工学院大学の「WSC 2015」の参戦車両「OWL」(クリックで拡大)

 ソーラーカーは、その名の通り、車両に搭載する太陽光発電パネルで発電した電力によって走行する車両のことだ。太陽光発電パネルの発電効率に幾分かの違いがあったとしても、1週間にわたるソーラーカーレースの期間中に得られる電力の総量はそれほど大きな差にはならない。やはり、その電力を使って、車両がどれだけ効率的に走行できるかが成績の差につながってくる。

 そのためには空気抵抗の少ない車両形状の設計が必要になる。OWLも、「WSC 2013」の参戦車両と比べて空気抵抗係数(Cd・A値)を56.7%も低減している。

 しかし、ソーラーカーの走行効率は車両形状だけによるものではない。モーターや電池といった電動システムの効率もさることながら、車体が軽い方が有利に働く。

 自動車の軽量化で一般的に用いられる手段の1つが、金属素材の樹脂化である。特に、車体の剛性を金属素材並みに維持しつつ樹脂化する場合には、炭素繊維強化樹脂が用いられることが多い。炭素繊維強化樹脂の密度は、鉄の4分の1〜5分の1、アルミニウムの3分の2〜2分の1と軽量でありながら、十分な剛性を有しているからだ。
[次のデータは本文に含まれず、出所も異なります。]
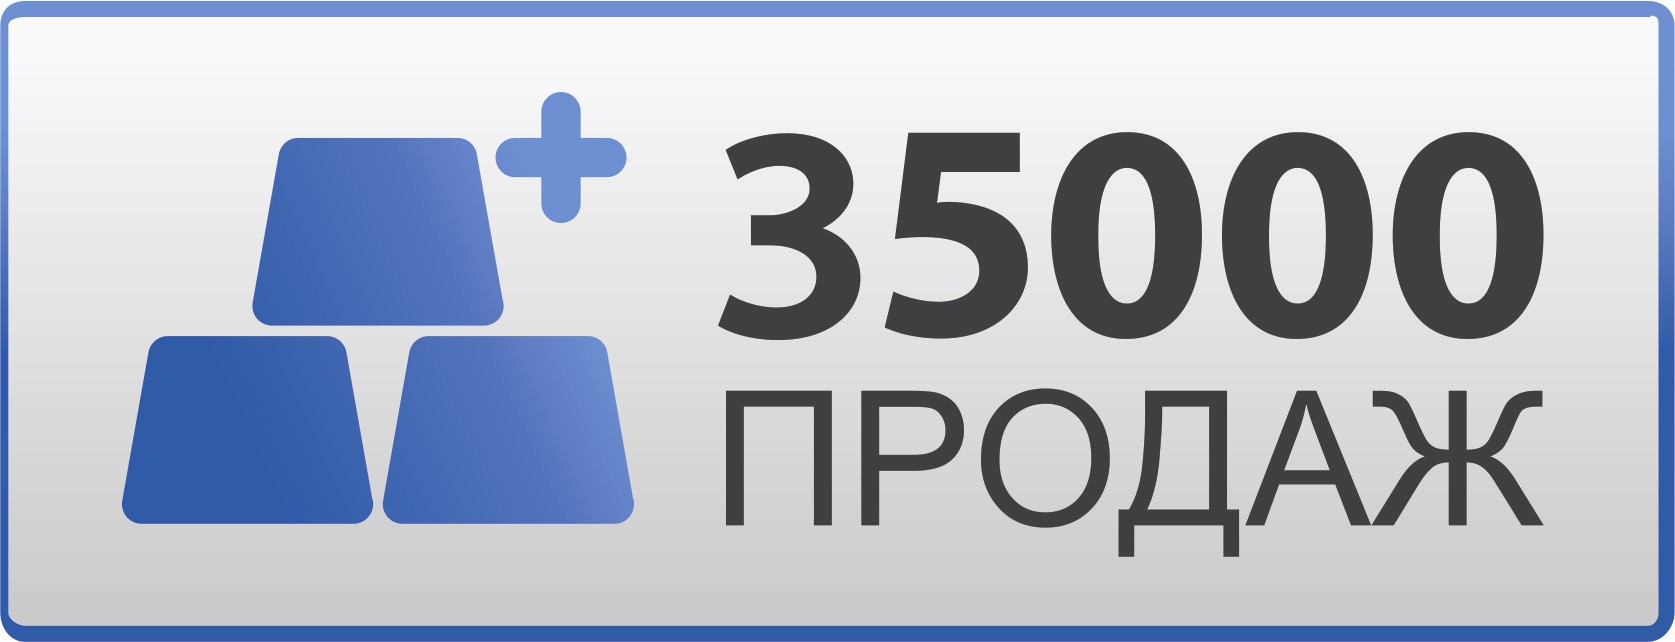 Kaspersky Internet Security на 1 устройства на 1 год.
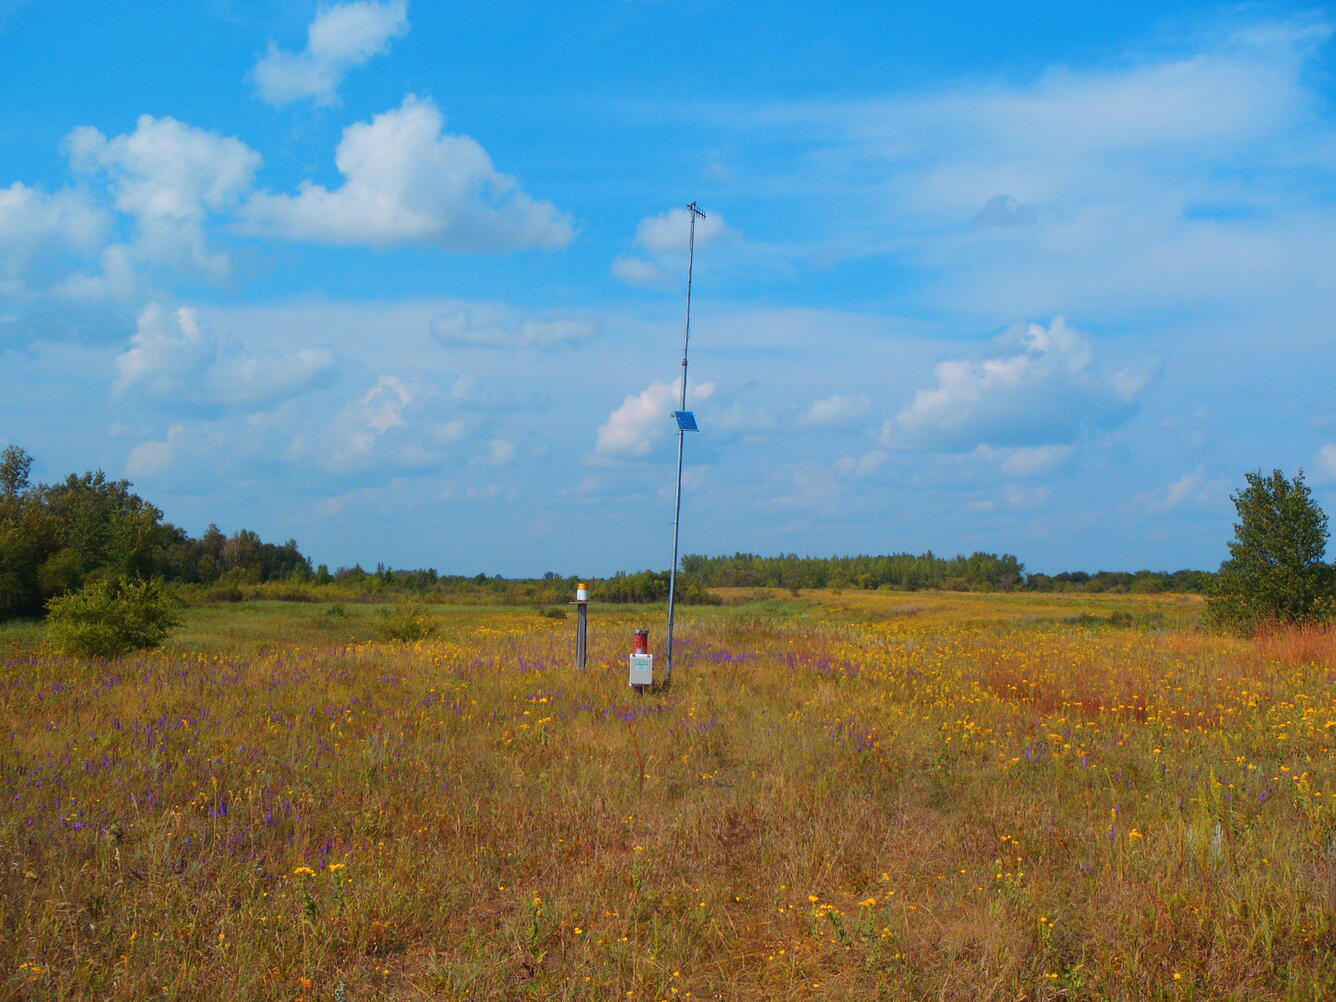 USGS Monitoring Well - Wetland and Prairie Restoration Hydrology Study Glacial Ridge National Wildlife Refuge, Mentor, MN

 工学院大学はWSC 2013の参戦車両でも車体に炭素繊維強化樹脂を採用していたが、今回はパートナー企業の新技術を取り入れてさらなる軽量化を図った。車体重量は55kgで、成人男性1人分よりも軽い。

「OWL」の車体には新開発の炭素繊維を採用している
「OWL」の車体には新開発の炭素繊維を採用している。重量は55kgだ(クリックで拡大) 出典:工学院大学

 まず、樹脂を含浸する前の炭素繊維織物については、帝人の子会社である東邦テナックスが新開発した極薄織物用炭素繊維原糸を使い、サカイオーベックスの開織加工・製織加工技術で厚さ0.06mmまで薄肉化したものを使用した。これまで最も薄いとされていた炭素繊維織物と比べて、単位面積当たりの重量が120g/m2から約半分の60g/m2まで削減されている。

炭素繊維織物の比較
炭素繊維織物の比較。手前にあるのが厚さ0.06mmまで薄肉化したもので、薄いため紙のように垂れ下がっている。奥にある従来品は、一定の厚みがあって樹脂板のように自重を支えられるのであまり曲がらない(クリックで拡大)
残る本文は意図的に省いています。